▸ **TASK STATEMENT**: Taking the line that contains "Priyaasi Rose Gold-Plated" as the start and the last line of the data as the end, repeat exactly every line in that span, but no pictures.

▸ **MATERIAL FOR THE TASK**:
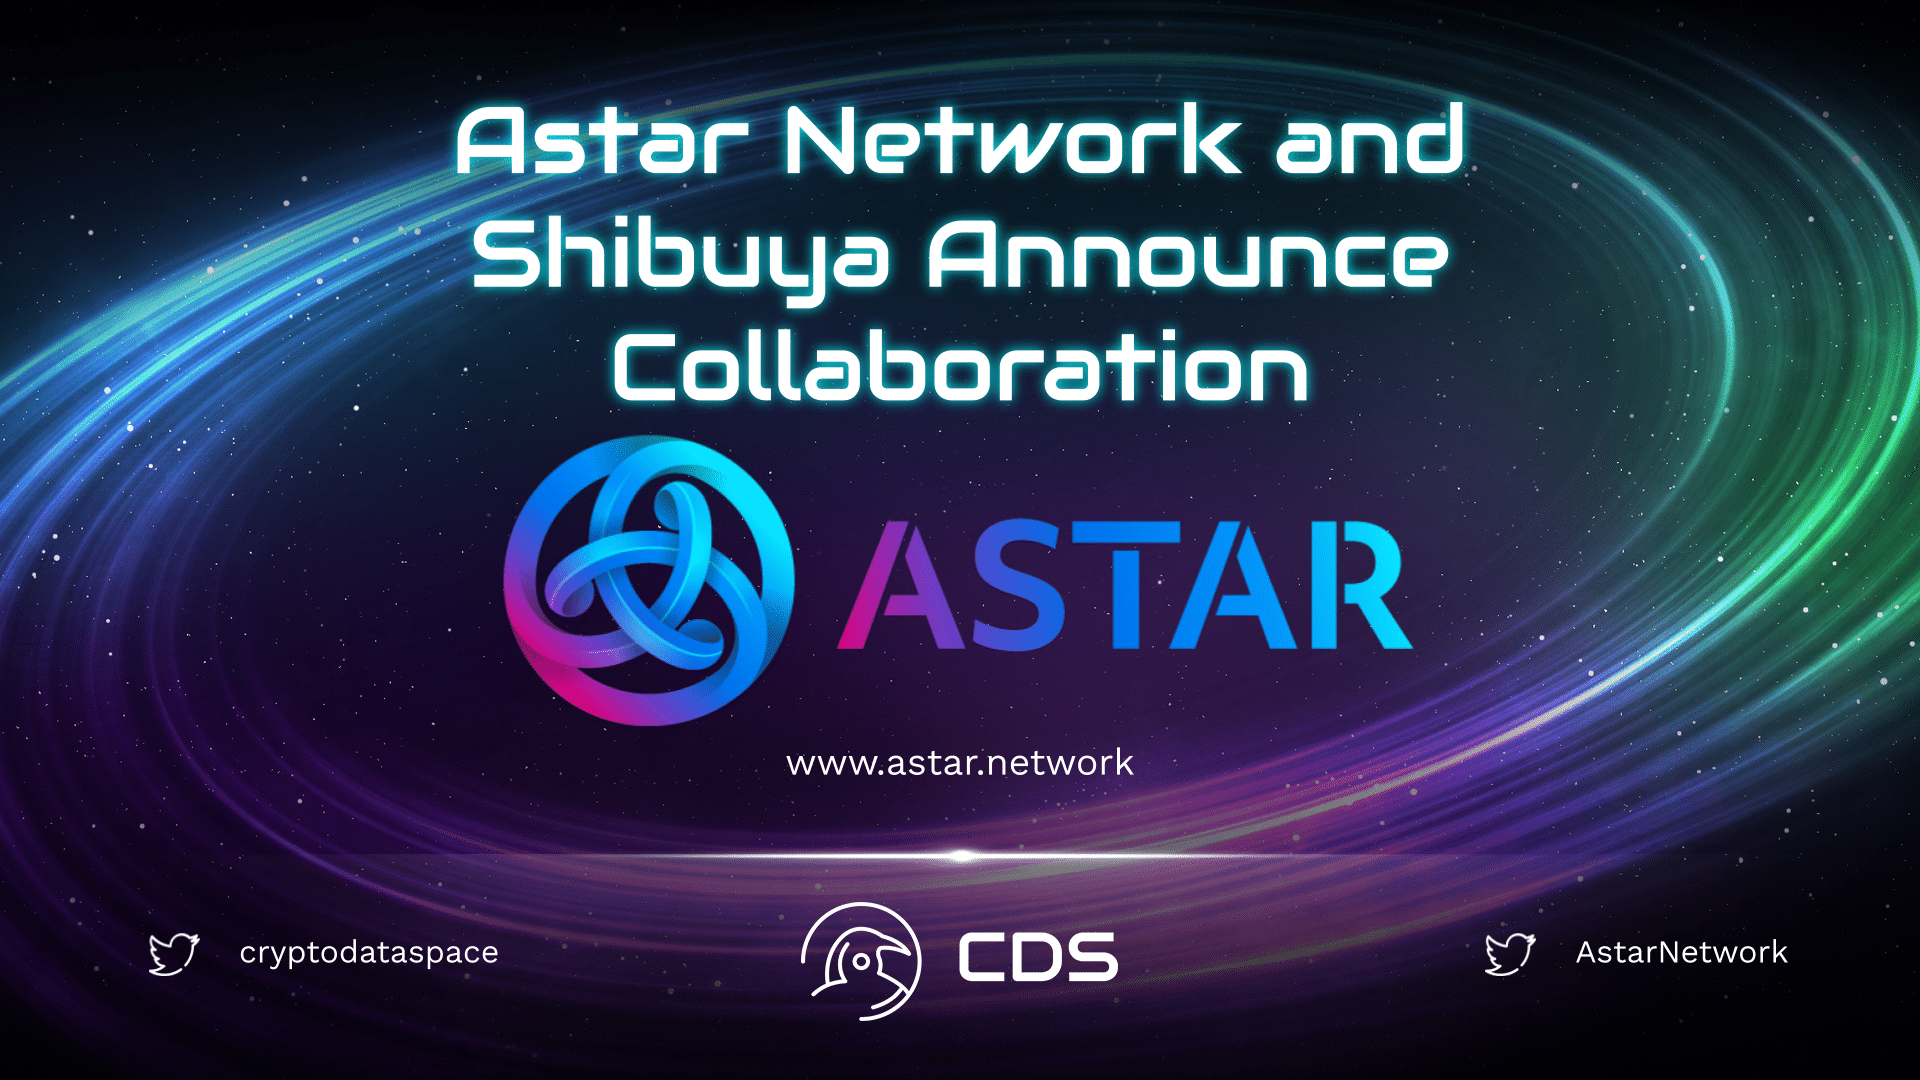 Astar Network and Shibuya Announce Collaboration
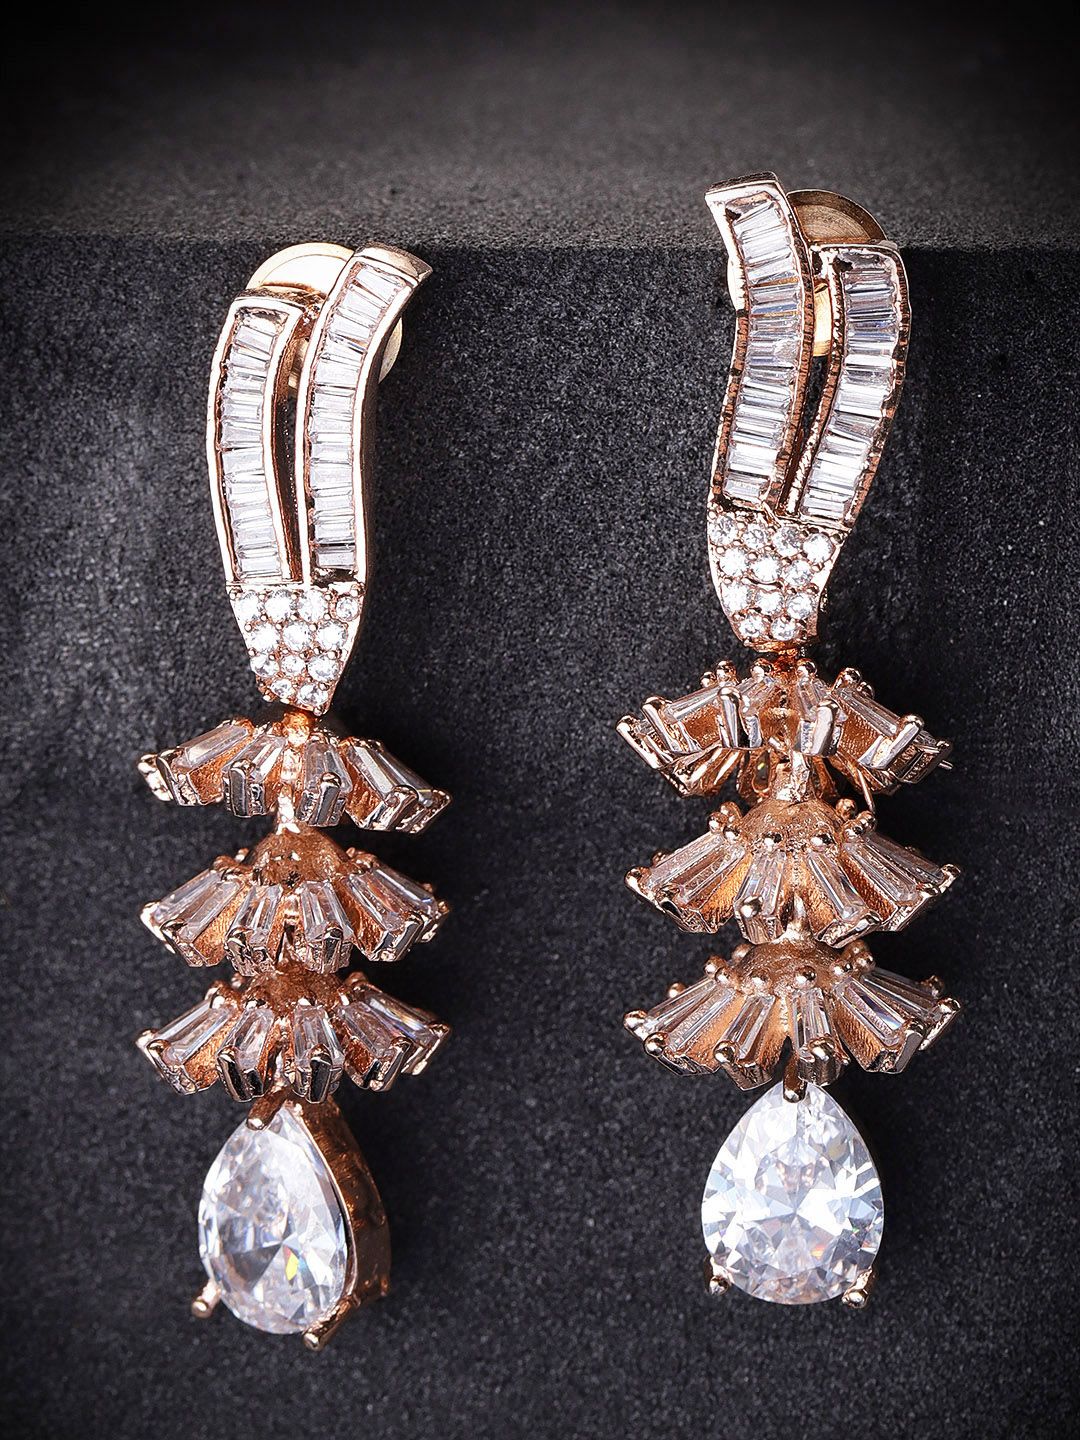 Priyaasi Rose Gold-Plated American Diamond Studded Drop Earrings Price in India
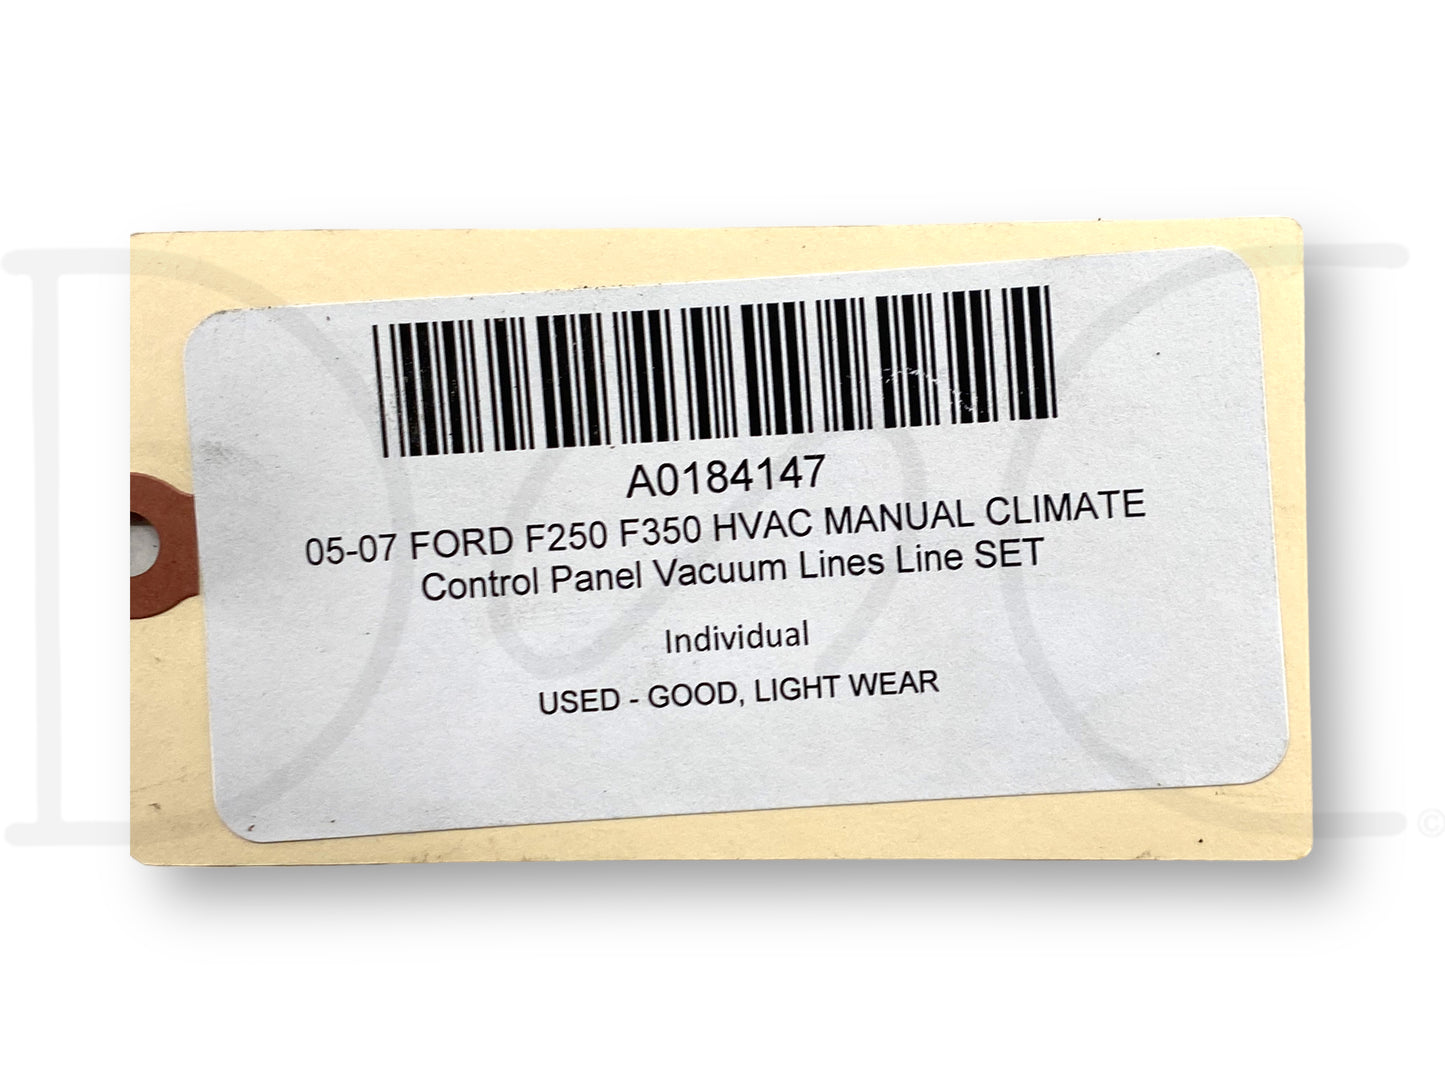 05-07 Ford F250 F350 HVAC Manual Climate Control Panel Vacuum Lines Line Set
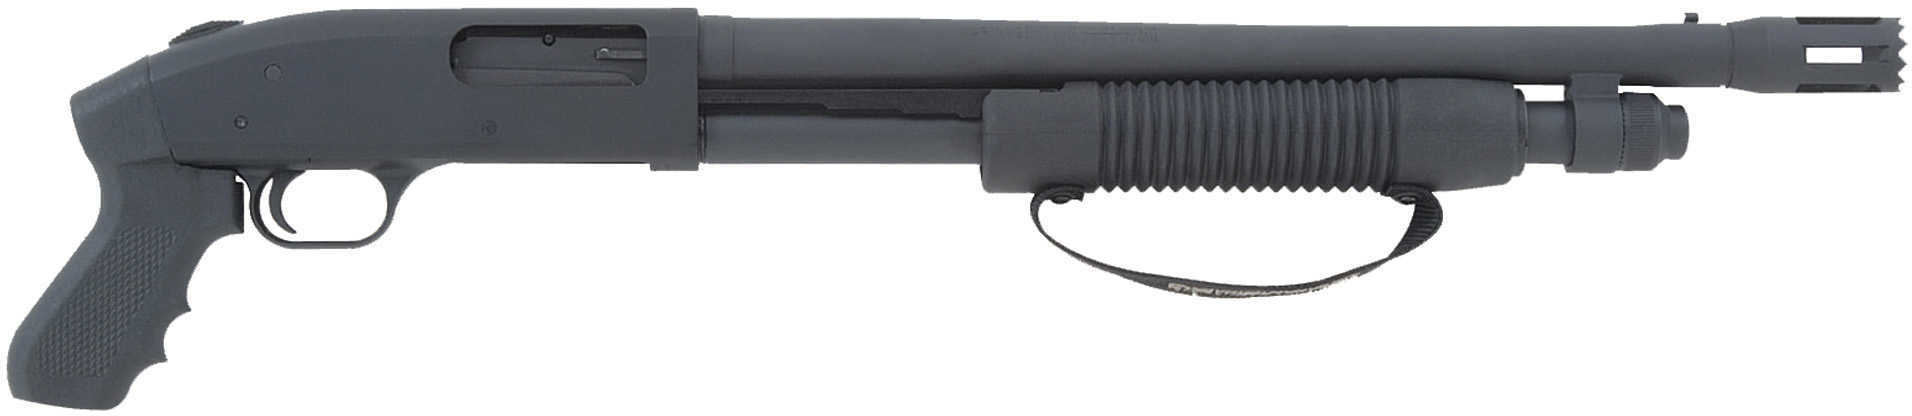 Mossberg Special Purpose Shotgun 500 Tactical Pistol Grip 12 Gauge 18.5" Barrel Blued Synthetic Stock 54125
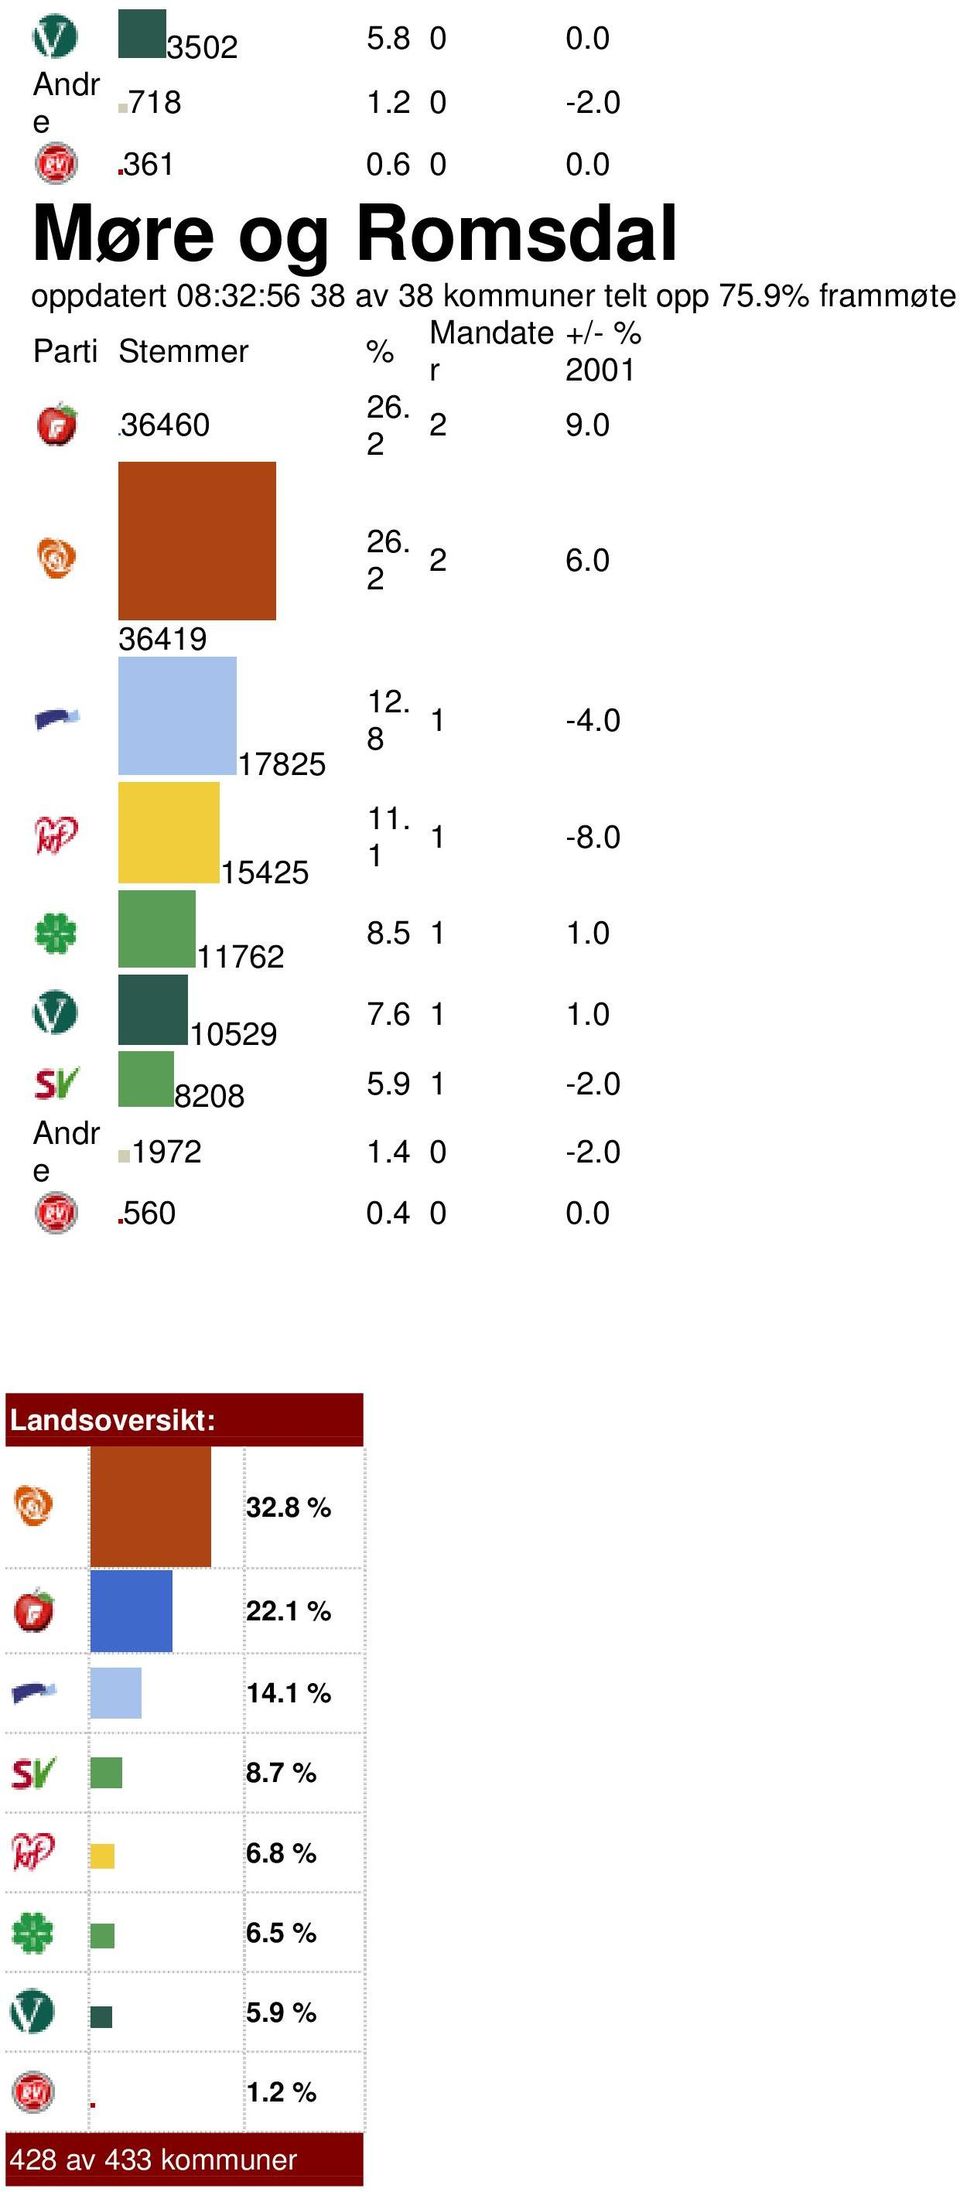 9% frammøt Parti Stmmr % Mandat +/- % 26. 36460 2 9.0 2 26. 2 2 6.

▸ **WRITTEN ANSWER**:
 Priyaasi Rose Gold-Plated American Diamond Studded Drop Earrings Price in India
 05-07 Ford F250 F350 HVAC Manual Climate Control Panel Vacuum Lines Line Set
 Mossberg Special Purpose Shotgun 500 Tactical Pistol Grip 12 Gauge 18.5" Barrel Blued Synthetic Stock 54125
 9% frammøt Parti Stmmr % Mandat +/- % 26. 36460 2 9.0 2 26. 2 2 6.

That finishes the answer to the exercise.